2
votes

We have developed an importing solution for one of our clients. It parses and converts data contained in many OneNote notebooks, to required proprietary data structures, for the client to store and use within another information system.

There is substantial amount of data across many notebooks, requiring a considerable amount of Graph API queries to be performed, in order to retrieve all of the data.

In essence, we built a bulk-importing (batch process, essentially) solution, which goes through all OneNote notebooks under a client's account, parses sections and pages data of each, as well as downloads and stores all page content - including linked documents and images. The linked documents and images require the most amount of Graph API queries.

When performing these imports, the Graph API throttling issue arises. After certain time, even though we are sending queries at a relatively low rate, we start getting the 429 errors.

Regarding data volume, average section size of a client notebook is 50-70 pages. Each page contains links to about 5 documents for download, on average. Thus, it requires up to 70+350 requests to retrieve all the pages content and files of a single notebook section. And our client has many such sections in a notebook. In turn, there are many notebooks.

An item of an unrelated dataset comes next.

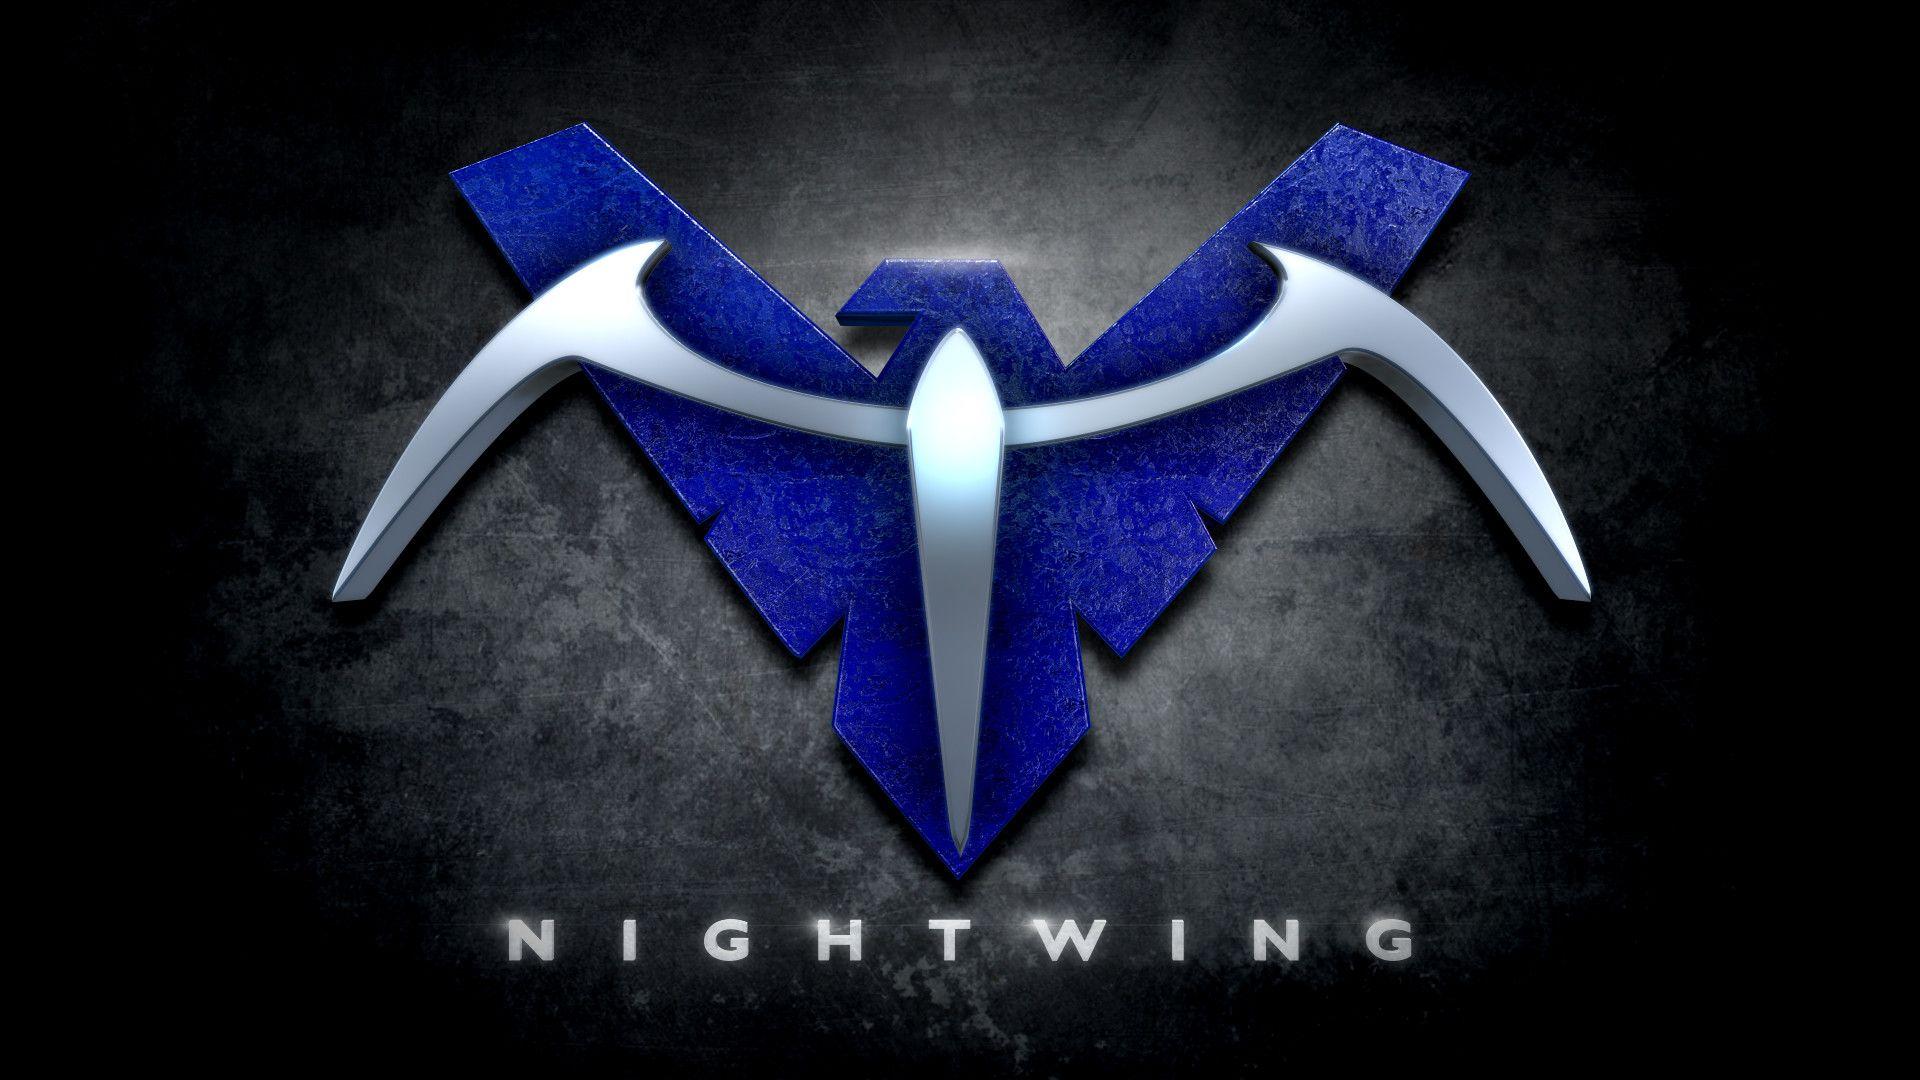 Nightwing Logo - Nightwing Logo Wallpaper
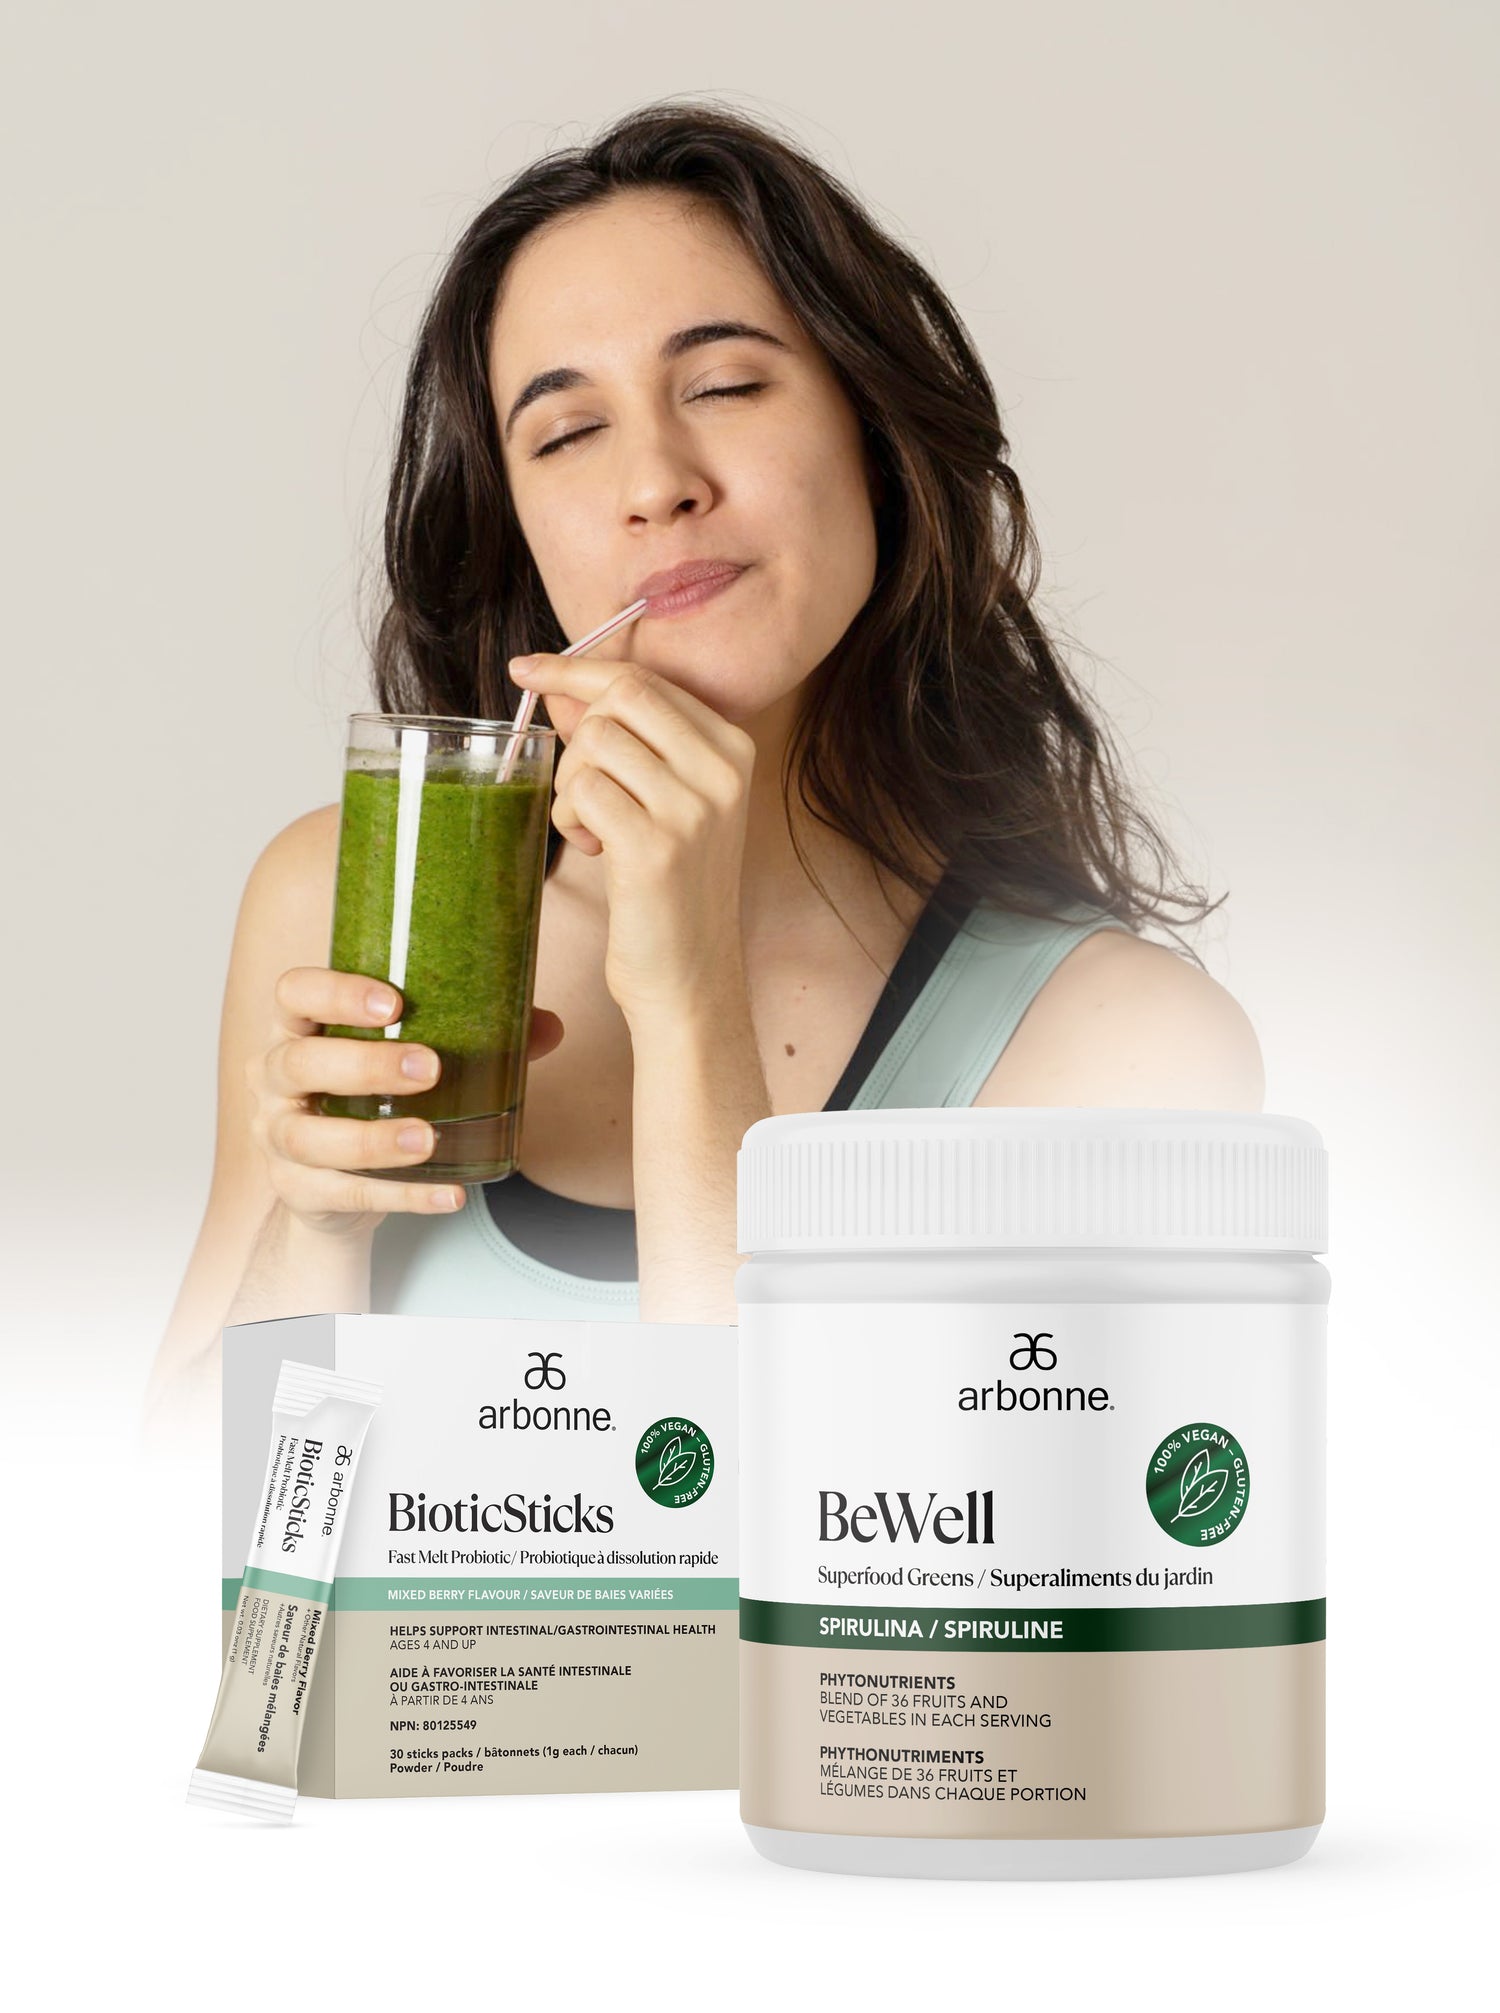 Gut Health - Women Drinking a Green Beverage

In total, there are approximately 150 such sections across several notebooks that we need to import for our client. Considering the stats above, this means that our import needs to make a total of 60000-65000 Graph API queries, estimated.

To not flood the Graph API service and keep within the throttling limits, we have experimented a lot and gradually decreased our request rate to be just 1 query for every 4 seconds. That is, at max 900 Graph API requests are made per hour.

This already makes each section import noticeably slow - but it is endurable, even though it means that our full import would take up to 72 continuous hours to complete.

However - even with our throttling logic at this rate implemented and proven working, we still get 429 "too many requests" errors from the Graph API, after about 1hr 10mins, about 1100 consequtive queries. As a result, we are unable to proceed our import on all remaining, unfinished notebook sections. This enables us to only import a few sections consequtively, having then to wait for some random while before we can manually attempt to continue the importing again.

So this is our problem that we seek help with - especially from Microsoft representatives. Can Microsoft provide a way for us to be able to perform this importing of these 60...65K pages+documents, at a reasonably fast query rate, without getting throttled, so we could just get the job done in a continuous batch process, for our client? In example, as either a separate access point (dedicated service endpoint), perhaps time-constrained eg configured for our use within a certain period - so we could within that period, perform all the necessary imports?

For additional information - we currently load the data using the following Graph API URL-s (placeholders of actual different values are brought in uppercase letters between curly braces):

Pages under the notebook section: https://graph.microsoft.com/v1.0/users/{USER}/onenote/sections/{SECTION_ID}/pages?...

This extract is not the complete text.